折腾了一通后,幸子女士隔着镜子,看向她面无表情的脸,笑:

“是觉得麻烦了吗?”

南目那音想了想,觉得还好。

毕竟是现代社会了,也只有在足够封闭传统的行业里,师徒关系才会依旧保持的这么紧密。

半田清明作为她的老师,能给她带来的身份加成,和父亲没什么差别——

拜师完毕,意味着只要不被明言逐出师门,哪怕她将来长大了,书法水平毫无进步。

但只从派系论资排辈,也能预定一个大师的称号,可以理直气壮的对各路年轻人指手画脚。

那,享受着高逼格的好处,就是要遵守一些行业内的规矩啊?

传统,繁琐,是很麻烦,但细究起来,和收益比,又没有那么麻烦。

“那好哦。”

幸子女士笑眯眯的说:“还有耐心的话,那今天就来处理一下你的指甲吧。”

当晚睡前,南目那音全程单手闭眼洗漱,完全不敢想象镜子里的自己,是个什么样子。

第二天。

南目那音醒的很早,以为杂事差不多完了——

头发指甲都是长期工程,得让人家慢慢长嘛。

那同时,为了正式学习做准备,也该进行一些辨认笔墨纸砚,或者认汉字的课程了吧?

中国人的DNA,阅读时自带简繁转换,古书什么的,看是绝对能看懂的。

但除了写熟了的《心经》外,她就很容易提笔忘字——

更何况日式书道里,还存在“凪” 这种日式汉字。

结果师母说:“那个啊?那些等你指甲好了再说吧,至于现在……”

她拍了拍手,宣布:“现在,我们先来学一学微笑吧。”

南目那音:……

不是。

我能接受存在封建习俗,但练书法前还要先学笑——

从对女性的物化角度来讲,这个也有点太封建了。

师母呵呵一笑,拍了下她的额头(此时头发正在敷鸡蛋清),说:

“和传统没有关系,是你平常太僵硬了。”

南目那音一顿。

“我把腹诽说出来了?”

师母说没有哦——

“不过小南平常是故意板着脸的吗?感觉你表情好少。
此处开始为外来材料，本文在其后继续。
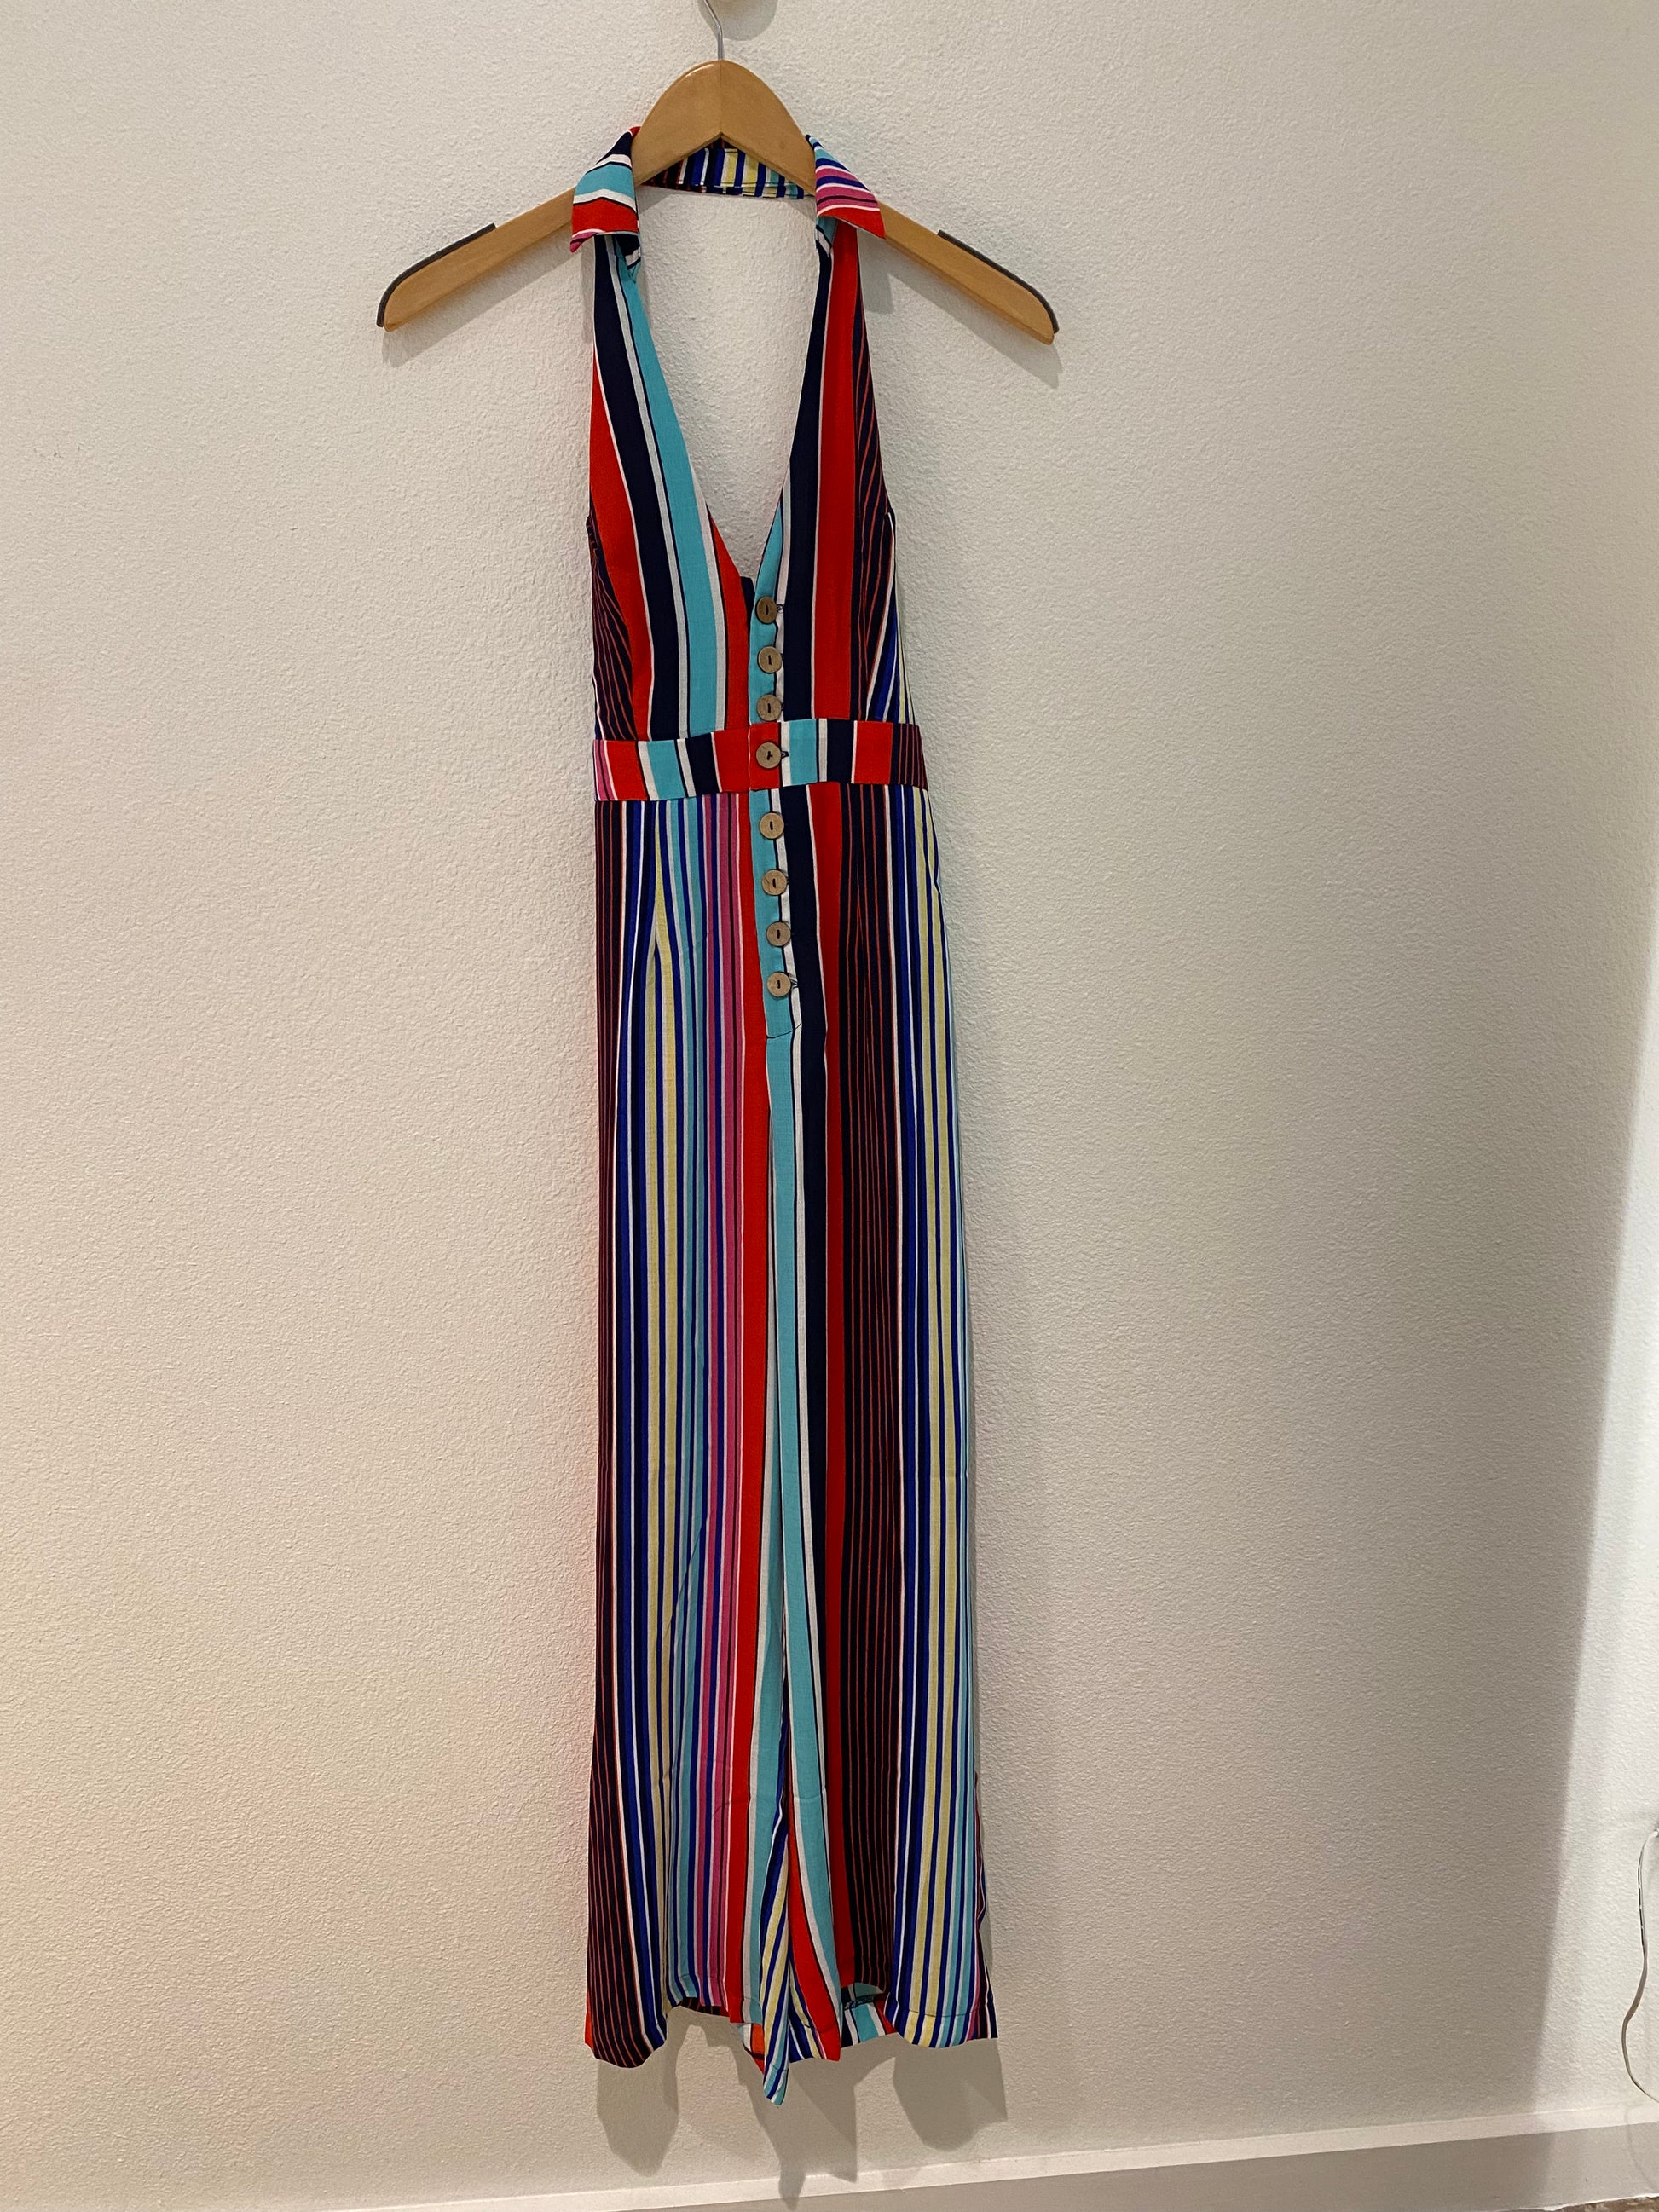 With its multicolored stripes and open back halter top

”

南目那音想了想,点头。

正常人看到咒灵,肯定会有反应,她不愿意做群体中的异类,就不能表现出异常。

但随机应变太费事了——

她干脆第一步收敛视线,第二步收敛表情,第三步克制大动作。

以南目那音过去三年半的集体小学生活来看,效果其实挺不错的。

当下,她不太确定的问:“我平常看起来……会很奇怪吗?”

幸子女士笑眯眯的嗯了一声,说奇怪倒是不奇怪。

“只是很明显罢了。”

在生活,尤其是她们生活的环境中,凡事最忌讳一刀切。

一个人,什么表情都没有,本身就意味着更大的异常。

她在掩盖什么;

她在忍耐什么。

她到底在想什么?

“太明显了呀。”

听着柔软的尾音,南目那音陡然想起了塔矢行洋——

当时被拒绝,她确实没有露出愤恨不甘的表情,但只“在忍耐”一件事,就让对方判断出:

她确实有情绪,她不赞同我的话,她只是压抑着没有反驳。

“所以哦。”

镜子前,半田幸子指了指自己的脸,先是微笑,接着变成一点点惊讶,发出了“啊呀呀”的声音。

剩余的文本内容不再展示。